In the latest funding allocations under the 2003 aged care approvals round, two facilities in the Wills electorate received new residential aged care allocations. Coburg Aged Care received 60 high-care places and St Basils Nursing Home received funding for 21 new low-care places. Initially I welcomed this announcement, but when you have a look at the figures, you see that Coburg Aged Care has been forced to close down its high-care facility in Wills because of ageing and inferior infrastructure. The 40 beds currently in operation will move out shortly to an alternative site. In addition, 40 low-care beds from Munro Manor will leave. That means that the 81 beds that were allocated turn into a net gain of one new bed, not 81. We have had a number of aged care providers miss out in the latest funding round despite having workable and well-planned submissions to help ease the burden that we confront. We need more beds, more facilities and better funding and assistance for our aged care providers in the Wills community as a matter of priority.

It is not simply that we are not getting new beds; there are also beds closing. Last week we had the Salvation Army announce that it intends to divest itself of 15 of its 19 aged care facilities. This confirms that aged care under this government is in a state of crisis and is collapsing. In Coburg the Salvation Army's Gilgunya Village comprises 50 low-care hostel style beds along with 12 two-bedroom independent living homes. It is a stone's throw from major shopping and community services, it is close to public transport and it is only a few years old. The fact that the Salvation Army cannot continue to sustain the burden of operating these facilities speaks volumes about the aged care crisis in Australia. This follows the Church Nursing Home, operated by the Baptist Church in Brunswick, closing the year before. We have a longstanding problem in relation to retaining facilities in inner metropolitan areas.

The Salvation Army says it is committed to ensuring that the needs of Gilgunya residents are met.
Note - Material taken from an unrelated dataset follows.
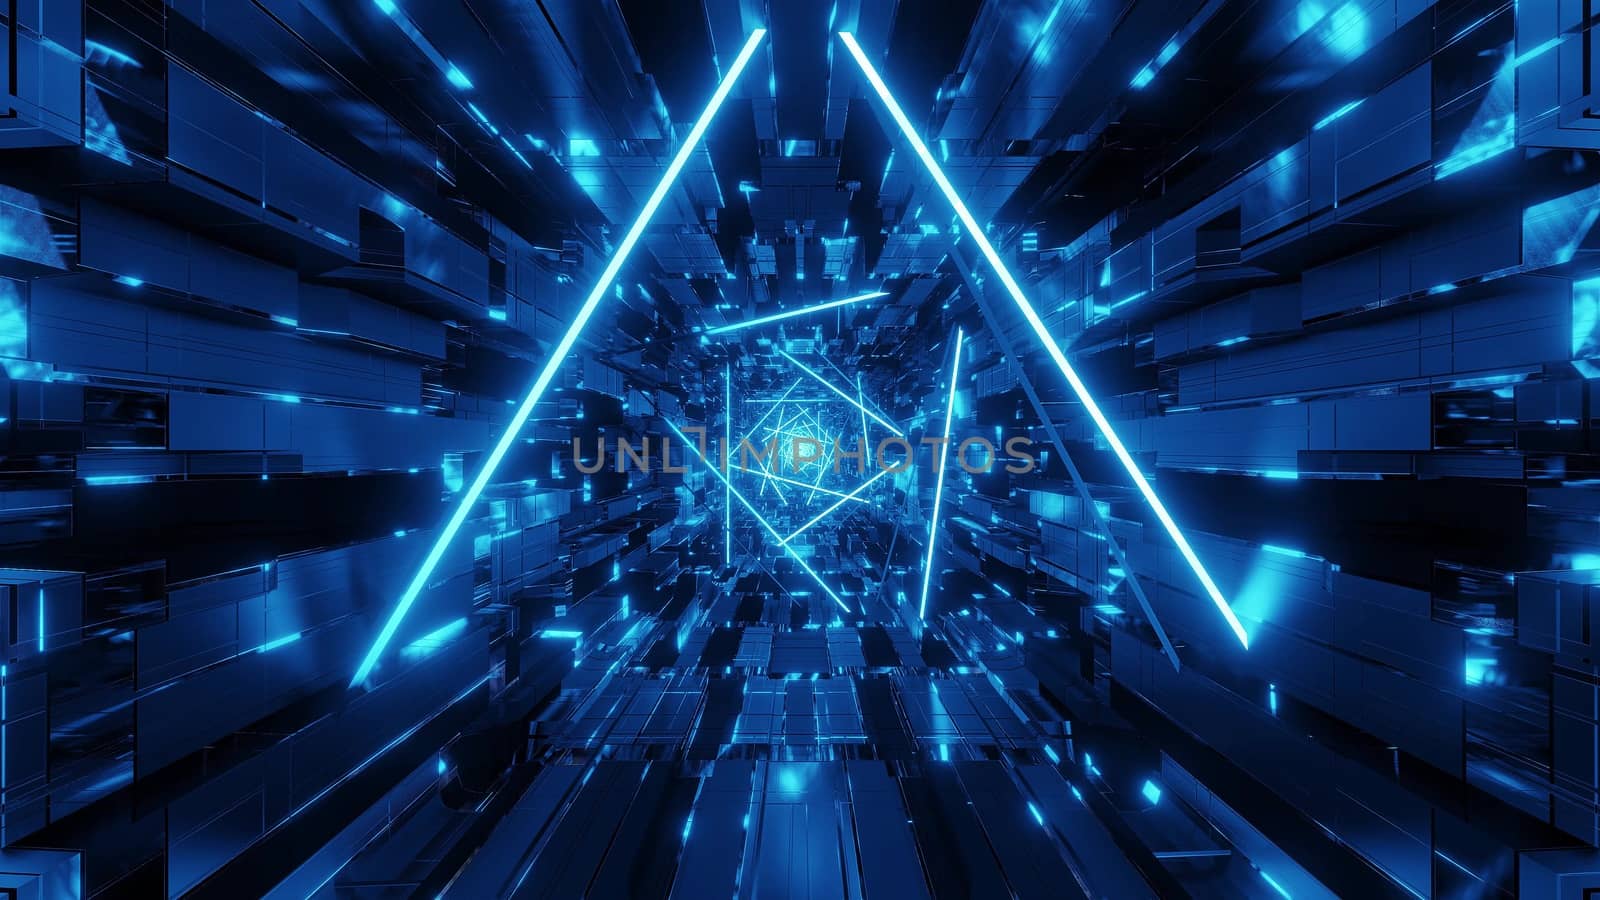 abstract glowing wireframe design graphic artworkwith technical tunnel corridor 3d illustration background wallpaper, glowing neon triangle 3d rendering art design

I want to work with them to try to ensure that that occurs. What we have here is inevitably high competition for limited land in inner metropolitan areas. That poses a challenge for aged care developers. People such as those associated with the Pentridge Piazza project have been interested in developing aged care services and facilities, but they have not been able to do it. Conversely, others have been moving out. I have talked about the Salvation Army. I have talked about the Church Nursing Home. Moreland Private Nursing Home moved its services 20 kilometres out of the electorate, to Sunbury.

I am told by the government that this strategy is acceptable, but it makes a mockery of the government's Ageing in Place policy. While the government has made a commitment to assist regional communities in providing suitable aged care facilities for older Australians, those living in inner metropolitan areas of our major capital cities are finding it equally difficult to access aged care services in the communities that they have lived in all their lives and want to go on living in. I am sure the government has had all these issues drawn to its attention through the Hogan review, but the government is continuing to stall and procrastinate on the release of the Hogan report. Speculation is that it is being held back because it talks about more user-pays systems. Unfortunately, as long as this government fails to release that report and sits on its hands, aged care facilities in my electorate are closing down and being relocated, and the aged care crisis continues.